Atlanta, GA Mayor: On behalf of Fox's local affiliate, we have our first poll of Tuesday's runoff election for mayor of Atlanta. Opinion Savvy gives Democratic City Councilor Keisha Lance Bottoms a 42-39 edge over fellow Councilor Mary Norwood, who identifies as an independent in this very blue city. The race to succeed termed-out Mayor Kasim Reed is officially non-partisan, but the state Democratic Party has run ads arguing that Norwood is a "closet Republican."
Bottoms led Norwood 26-21 in November’s nonpartisan primary, but Norwood has done a far better job winning over their defeated rivals.

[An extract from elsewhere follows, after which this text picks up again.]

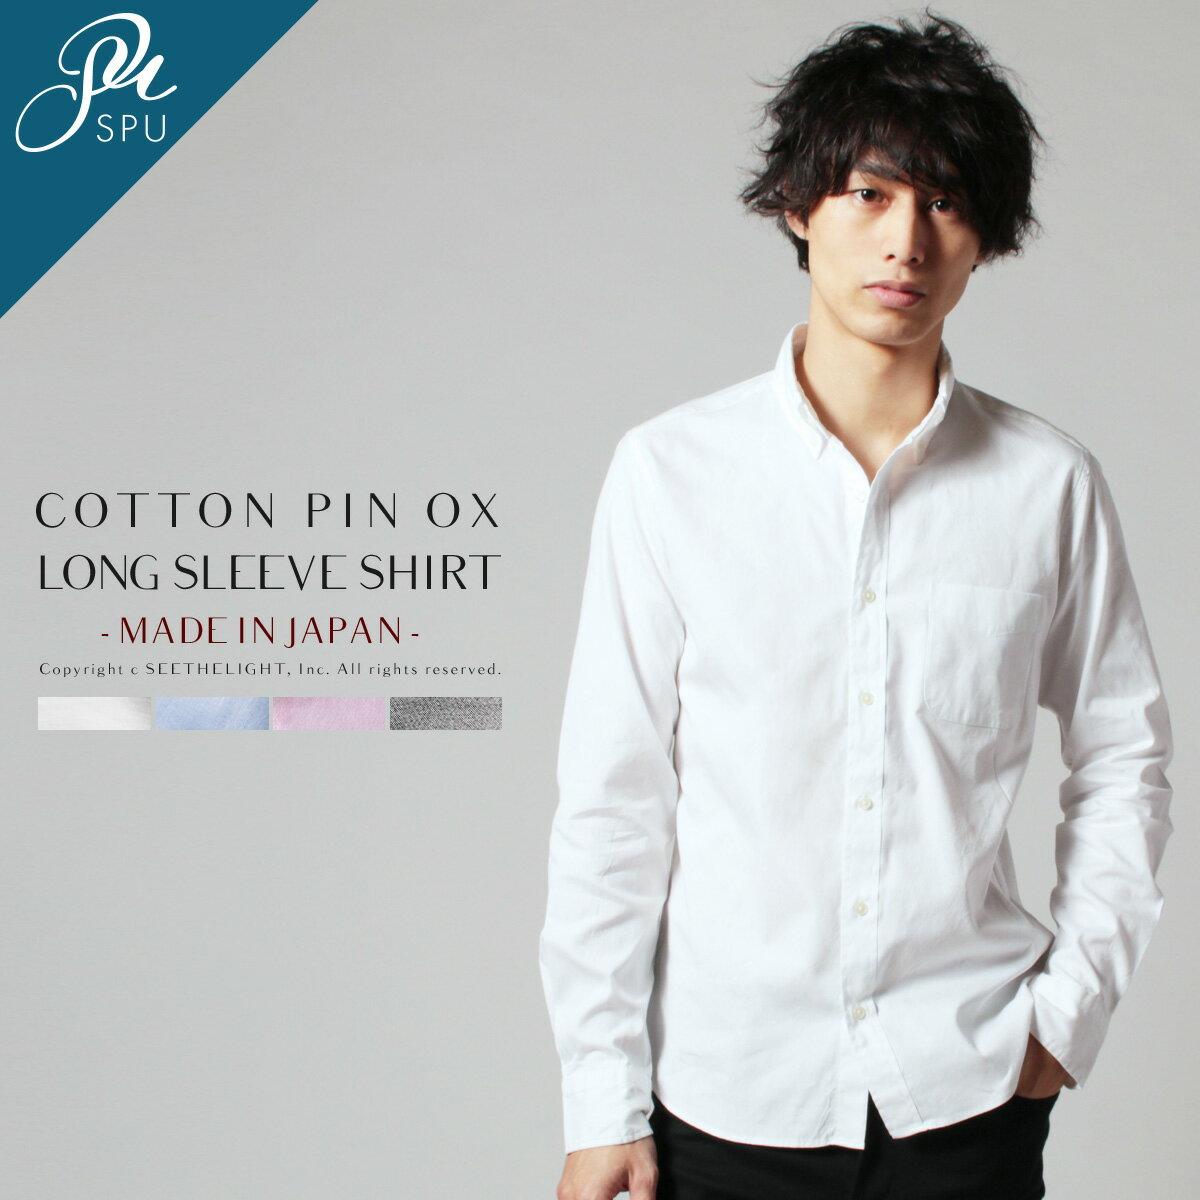 シャツ メンズ 日本製 ホワイト 白 白シャツ ビジネス ビジカジ オックスシャツ オックスフォードシャツ 超長綿 ピンオックス 長袖シャツ SPU スプ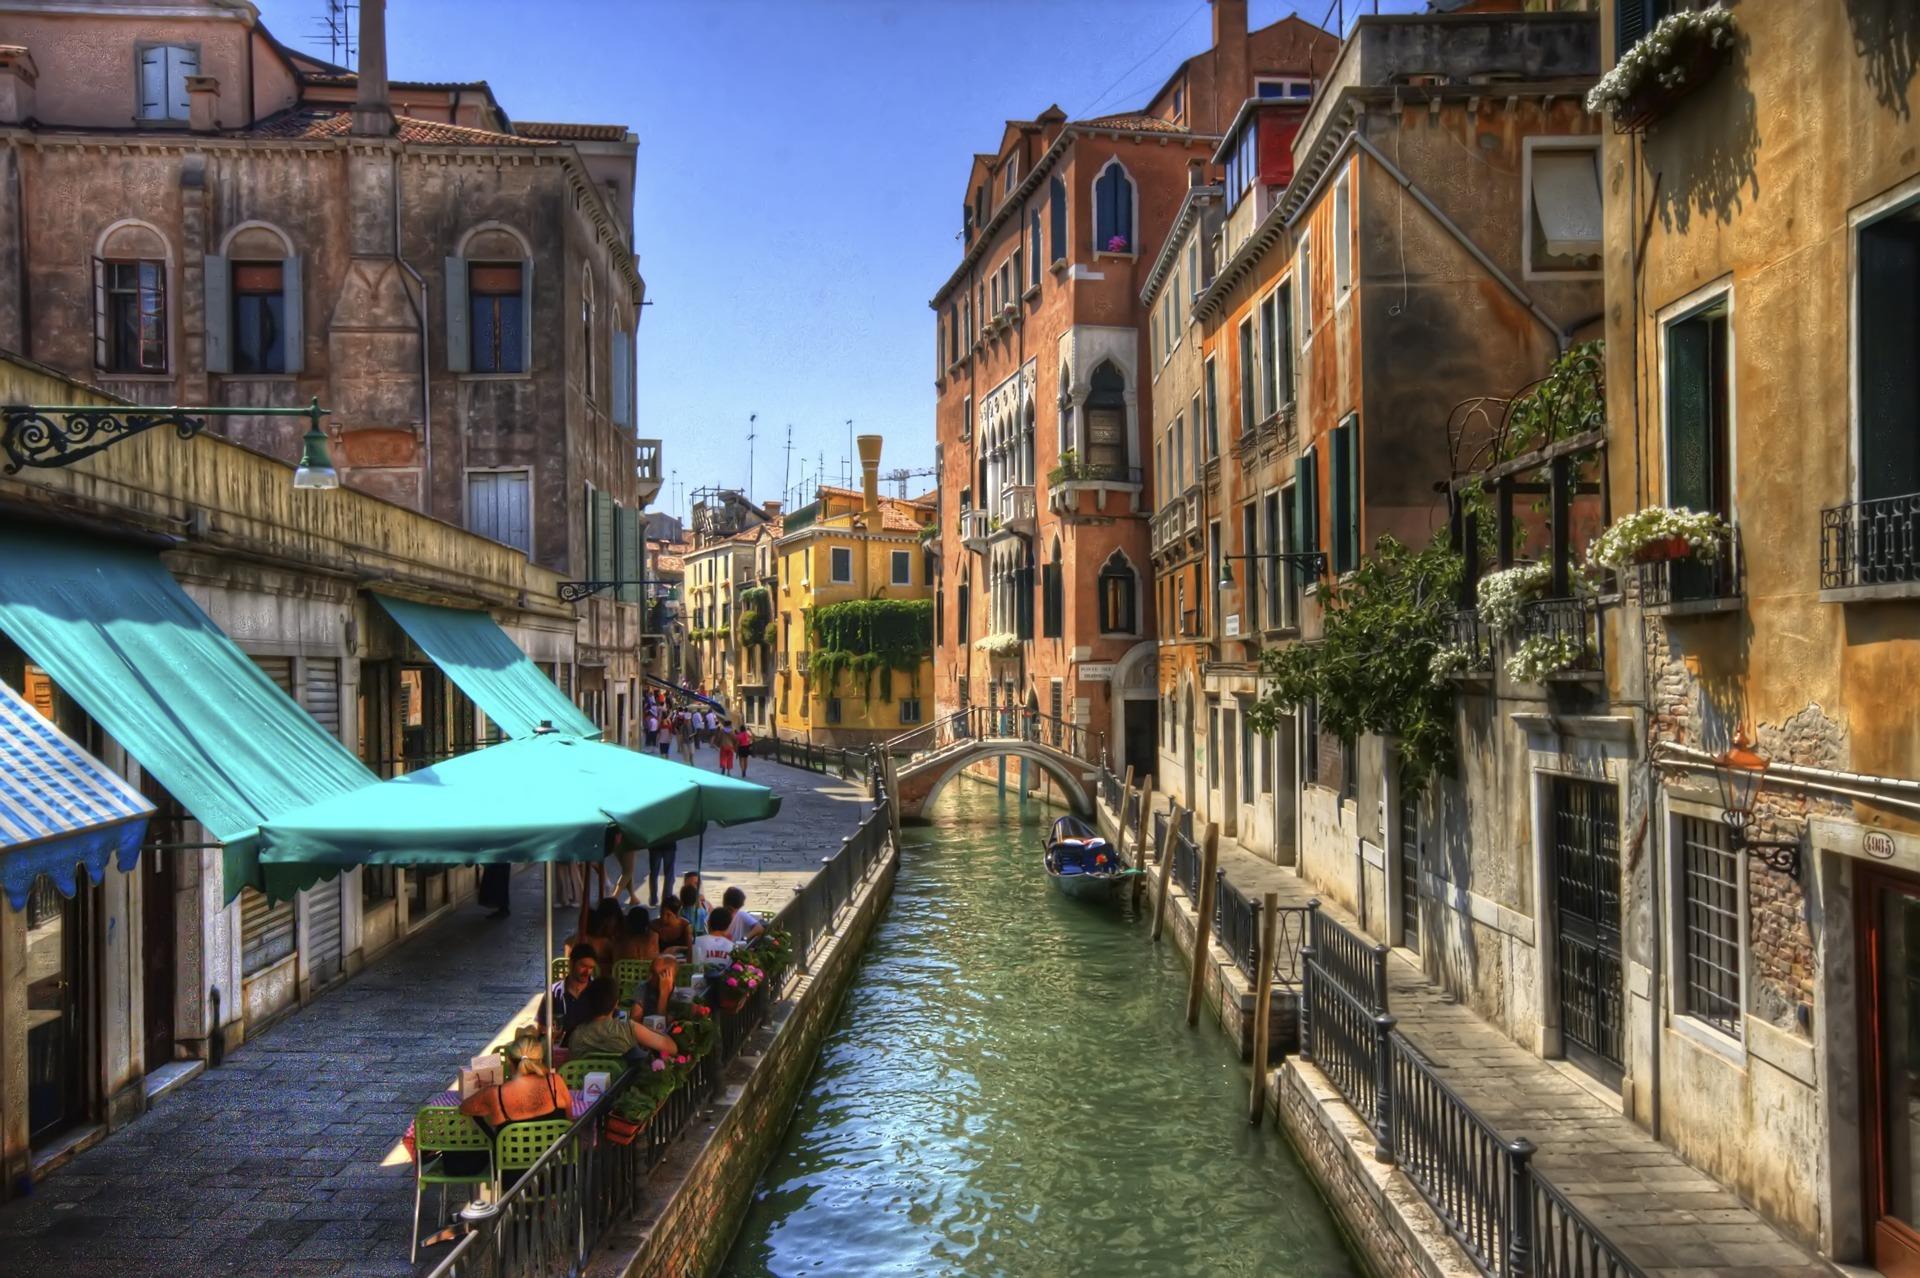 21514 завантажити шпалери Пейзаж, Міста, Венеція - заставки і картинки безкоштовно

On Wednesday, ex-City Council President Cathy Woolard, who took third place with 17 percent of the vote, backed Norwood, following endorsements from former city Chief Operating Officer Peter Aman, who took 11 percent, and City Council President Ceasar Mitchell, who won 9 percent. And while ex-state Sen. Vincent Fort, a Bernie Sanders ally who took 10 percent, has announced that he won't be taking sides, he heaped praise on Norwood at a recent press conference. City Councilor Kwanza Hall, who won just 4 percent, is the only defeated candidate who has endorsed Bottoms (or at least the only defeated candidate who cleared 1 percent of the vote).
While endorsements from also-rans never automatically translate into votes, there’s good reason to think they’ll prove beneficial for Norwood. All of the defeated candidates are Democrats, and they could make it tougher for Bottoms and her allies to portray Norwood as a stealth Republican—an image problem Norwood could use some help with after she loudly echoed Republican talking points when she claimed earlier this year, without evidence, that voter fraud cost her victory in her 2009 race against Reed.
Racial politics are another factor here. Bottoms is black, while Norwood would be Atlanta's first white mayor since the late Maynard Jackson ousted Sam Massell in 1973. Mitchell, and Fort are both African-American, as is former Mayor Shirley Franklin, another prominent Democrat who gave her backing to Norwood earlier this week (Woolard and Aman are white). Atlanta has been a majority-black town for decades, but the city has grown whiter in recent years: While African-Americans made up 54 percent of Atlanta’s residents in 2010, when Reed took office, the city is now 51 percent black. And in the primary, black candidates took a combined 51 percent of the vote, while white contenders took 48 percent. If these endorsements from black politicians help Norwood do just a little better with black voters than Bottoms does with white voters, it could make all the difference.
Bottoms does have Reed’s vocal support, but if it’s helped her, it’s also sparked a backlash that seems to have helped persuade her former opponents, as well as Franklin, to back Norwood. The abrasive Reed has alienated much of Atlanta’s political establishment over the years, and a scandal involving the city’s former procurement director has Reed’s critics saying the city needs a new direction.
Notably, both Woolard and Franklin have said they’re supporting Norwood in large part because they believe she would improve transparency at city hall. Aman similarly argued that the city can't "afford four more years of a Reed-Bottoms team" when he made his endorsement. Mitchell didn't emphasize Reed when he made his decision, but he has a horrible relationship with the mayor: After Mitchell made his choice in the runoff, the mayor quipped, "Ceasar Mitchell supporting Mary Norwood is one man, one woman, two losers." But if things don’t go Bottoms’ way, Reed’s own endorsement might wind up earning the stamp of “one man, one woman, two losers” in the end.